As the stitches used are absorbable, they do not need to be removed. Placed internally within the skin’s thickness (intradermal stitches), they are invisible.
Swelling (oedema) and bruising around the thoracic area are usually very moderate and it takes about ten days for these to almost completely disappear.
You will need to take about 8 days off work in most cases.
In addition to wearing a support bra day and night for 1 month, you should clean the scar daily with antiseptic.
You will need to arrange a follow-up visit 4 days after the procedure, then after 15 days, 1 month, 3 months, 6 months, 1 year and then once a year.
Do not raise your arms too high and avoid heavy physical exertion.
You may think about resuming sporting activities 1 month after the operation while wearing the support bra and limiting yourself to painless movements. However, intensive weight training using the chest area is strongly discouraged.
Driving can cause problems for 2 to 3 days if you have to make manoeuvres without power steering as well as simply manipulating the gear lever.
The recommended rest position is lying on your back, slightly raised if possible. You may also lie on your side but you must not lie on your front
Exposure to the sun: no direct exposure before 1 month and then exposure is allowed using a sun protection cream with a maximum sun protection factor. No exposure as long as you have bruising.
The new shape of the breast is immediately visible and perceptible to the touch despite any swelling. Even if the shape is initially a little tight, it will soften in the weeks following the operation.
It takes 5 to 6 months for the tissues to heal around the prosthesis and for the breast to become supple and natural, regaining all its sensitivity.
Wound healing around the prosthesis takes place by forming a capsule, a flexible membrane that surrounds the prosthesis to isolate it from the surrounding tissues, allowing the prosthesis to be integrated as far as possible into the body.
Once the volume and shape of the reconstructed breast have stabilised, the areola and nipple can be reconstructed. There are different techniques and I usually use a local dermo-adipose skin flap to re-establish the nipple as well as a skin graft to re-establish the areola.

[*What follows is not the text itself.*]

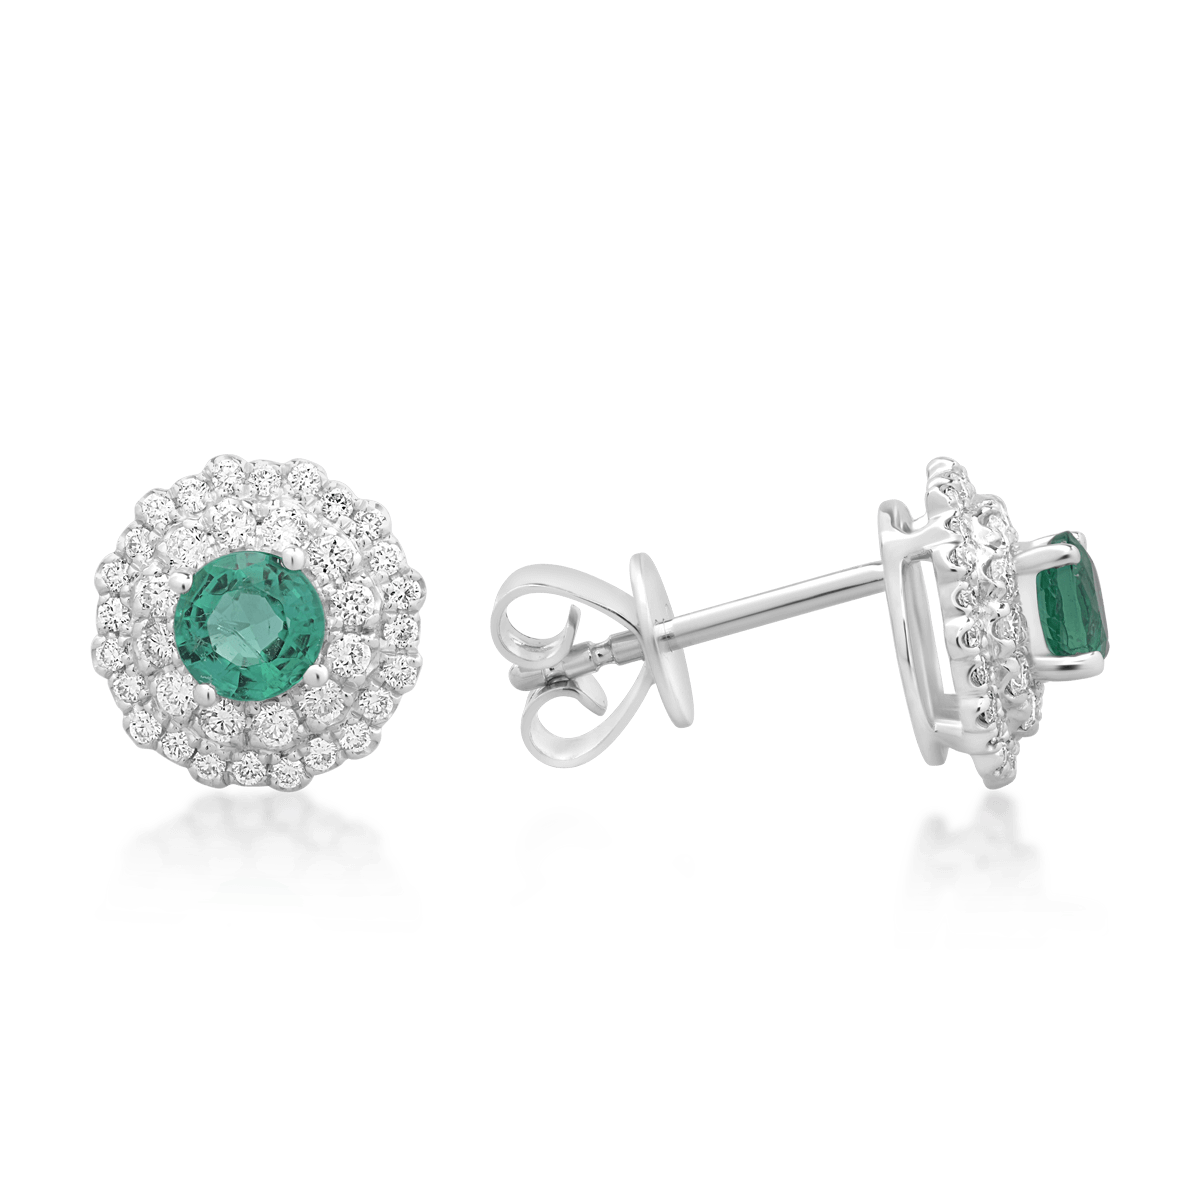 18K white gold earrings with 0.45ct emeralds and 0.34ct diamonds

After healing, these can be coloured using dermo-pigmentation, which gives perfect control of all shades of colours from pink to brown to reproduce the natural hue for each individual patient.
In addition to the aesthetic improvement that this operation brings, it also has a beneficial impact on the patient's personal well-being and development.
Risks and complications
The cost of the operation will depend on the procedure to be carried out, the duration of the operation, the type of anaesthetic and any hospital charges.
You may be covered by Social Security and, where relevant, by your mutual insurance company after prior agreement from the Medical Adviser of the Primary Health Insurance Fund.
A detailed estimate is given to you during the first consultation following the options you have chosen. You then have a minimum legal period of 15 days to consider your options and move your project forward.
The first consultation costs €50. The follow-up consultations before and after the operation are free.
The photographs on this page are to illustrate and complete the information given on the operations. They are merely for information purposes so you can see the goals, results and scars from the operation.
The likelihood of scarring and each patient’s individual anatomy are different. For this reason, therefore, the photographs on this site do not commit Dr. Benelli to providing all patients with a similar result.
The information given on a site is not sufficient in itself and a medical consultation is essential to get the right information for each individual case. For this, you will need to consult a surgeon qualified in Plastic Reconstructive and Aesthetic Surgery.